А вот еще деревья, и я знаю, как шероховата их кора, вот вода, и мне известен ее привкус. Запахи травы и звезд, темная ночь, иные вечера, когда сердце расслабляется, — разве я могу отрицать существование этого мира, силу и мощь которого я ощущаю? Однако вся земная наука не дает ничего, способного уверить меня в том, что этот мир мне принадлежит. Вы мне его описываете и учите меня, как его разложить по полочкам. Вы перечисляете его законы, и я, жаждущий знания, соглашаюсь с тем, что они верны. Вы разбираете его устройство, и моя надежда растет. В конце концов вы мне сообщаете, что этот чудесный пестрый мир может быть сведен к атому и что атом, в свою очередь, сводим к электрону. Все это хорошо, но я жду продолжения. А вы мне говорите о распространяющейся на всю вселенную невидимой системе электронов, которые вращаются вокруг своего ядра. Вы мне объясняете мир при помощи образа. И тогда я констатирую, что вы обратились к поэзии — выходит, у меня никогда не будет знания. Не пришло ли для меня время этим возмутиться? Но вы уже сменили теорию. Значит, наука, которая должна была мне все разъяснить, кончает тем, что выдвигает гипотезу, обещанная ясность оборачивается метафорой, неуверенность воплощается в произведении искусства. Но разве была нужда в стольких усилиях? Мягкие очертания вон тех холмов и вечер, положивший свою руку на мое возбужденное сердце, научат меня гораздо большему. Я вернулся к тому, с чего начинал. Я понимаю, что с помощью науки могу опознать и перечислить явления, но никак не могу освоить мир. Даже если я ощупаю пальцем все извивы его рельефа, я не узнаю о нем больше. Вы же предлагаете мне выбрать между описанием, которое надежно, но ничего мне не проясняет, и гипотезами, которые претендуют чему-то меня научить, но остаются ненадежными. Чуждый самому себе и миру, лишенный всякого подспорья, кроме мысли, которая себя отрицает в тот самый момент, когда она что-то утверждает, — так что же это за удел, при котором я могу обрести покой не иначе, как отказавшись знать и жить, и где жажда обладания наталкивается на глухие стены, бросающие вызов любой осаде? Хотеть — значит порождать парадоксы. Все устроено так, чтобы возник тот отравленный покой, который приносят беззаботность, сон души и смертельно опасное самоотречение.

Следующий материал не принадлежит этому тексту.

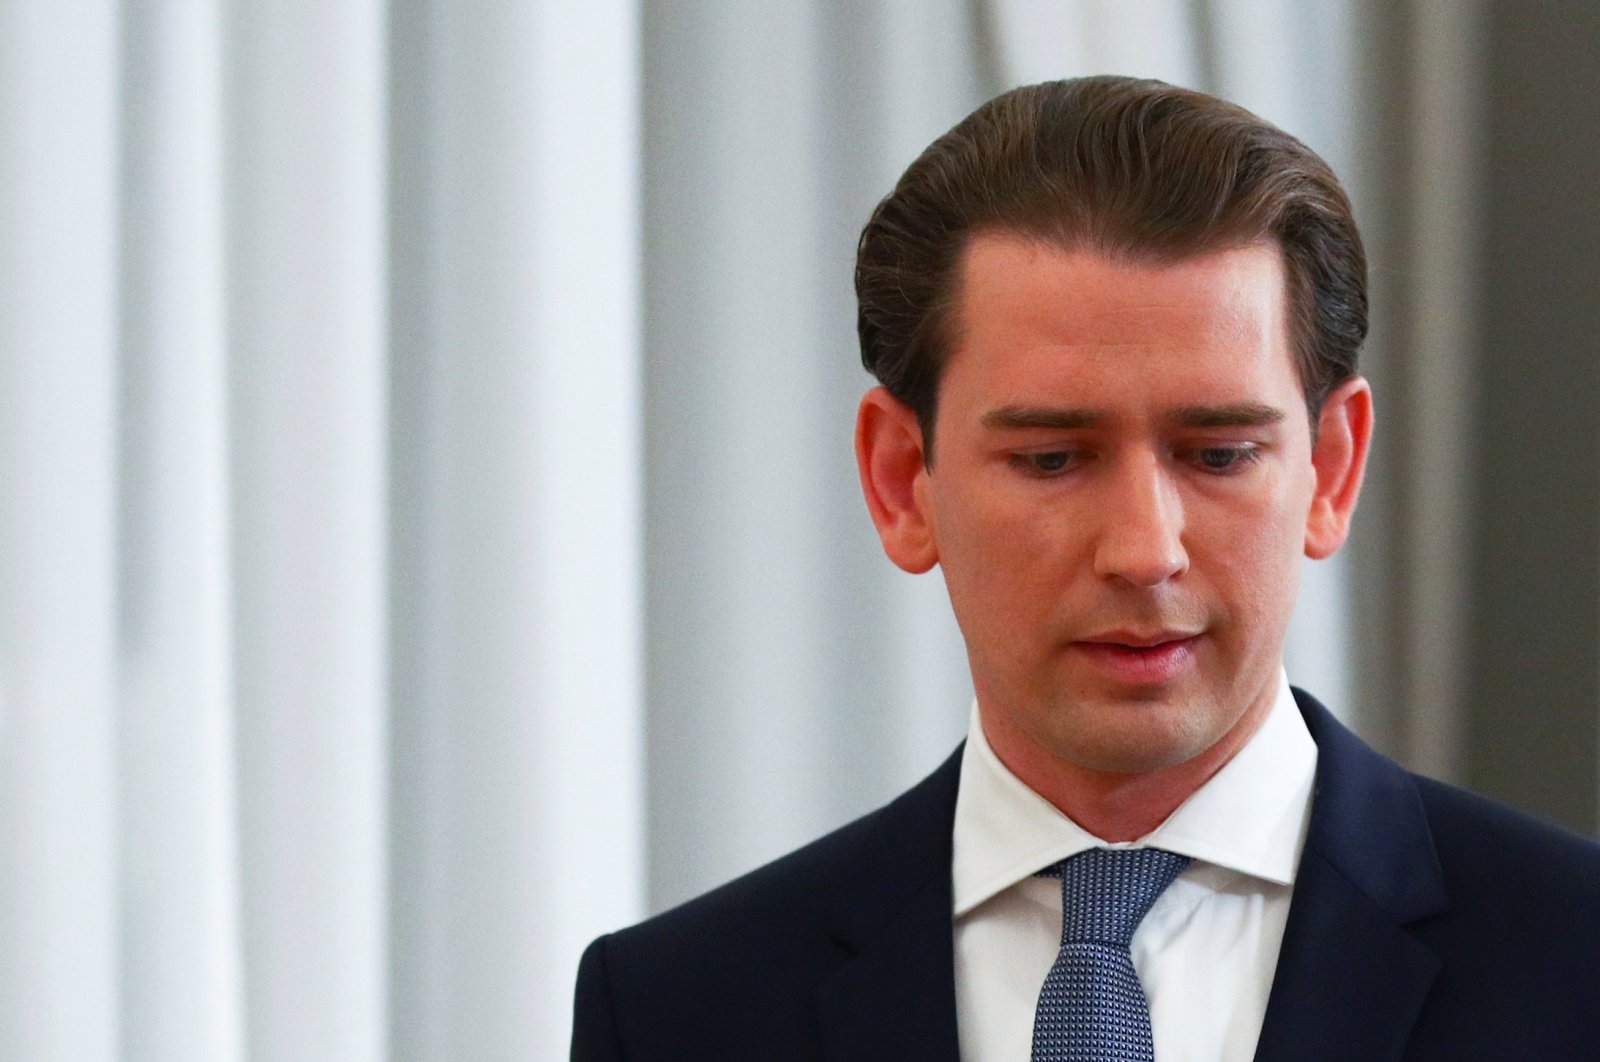 Austria's Chancellor Sebastian Kurz leaves after making a statement at the Chancellery in Vienna, Austria, Oct. 8, 2021. (Reuters Photo)

Следовательно, интеллект на свой лад говорит мне, что мир абсурден. Слепой рассудок, являющий собой полную противоположность интеллекту, напрасно претендует на то, что все ясно, я ждал доказательств и хотел, чтобы он оказался прав. Несмотря на множество гордившихся собой веков, вопреки стольким красноречивым и умевшим убеждать людям я знаю, что это неправда. По крайней мере в этом отношении счастья нет, раз я не могу знать. Всеобщий разум, практический или моральный — все равно, весь детерминизм и берущиеся объяснить все на свете категории для честного человека не больше, чем повод рассмеяться. Они не имеют ничего общего с умом. Они отрицают его глубинную правду, состоящую в том, что он крепко скован. Отныне в этой необъяснимой и зажатой в собственных рамках вселенной судьба человека обретает свой смысл. Тьма иррациональных вещей громоздится вокруг и сопровождает его до конца дней. Благодаря вернувшейся к нему и теперь избавленной от противоречий прозорливости чувство абсурда проясняется и уточняется. Я говорил, что мир абсурден, но я слишком поспешил. Сам по себе этот мир неразумен — вот все, что можно сказать о нем. Абсурдно же столкновение этой иррациональности с отчаянной жаждой ясности, зов которой раздается в глубинах человеческой души. Абсурд зависит от человека в той же мере, в какой он зависит от мира. В настоящий момент он их единственная связь. Он соединяет их так, как людей может соединять одна только ненависть. И это все, что я могу внятно различить в необъятной вселенной, где протекает приключение моей жизни. Остановимся здесь. Если я принимаю за истину абсурд и он выстраивает мои отношения с жизнью, если я проникаюсь этим чувством, которое охватывает меня перед зрелищем окружающего мира, и сохраняю ту ясность ума, которую принесли мне научные поиски, тогда я должен всем пожертвовать ради этих достоверностей и смотреть на них в упор, дабы их поддерживать. И особенно я должен выверить по ним мое поведение и извлечь из них все следствия. Я говорю сейчас о честности. Но прежде я хочу выяснить, может ли мысль жить в этих пустынных краях.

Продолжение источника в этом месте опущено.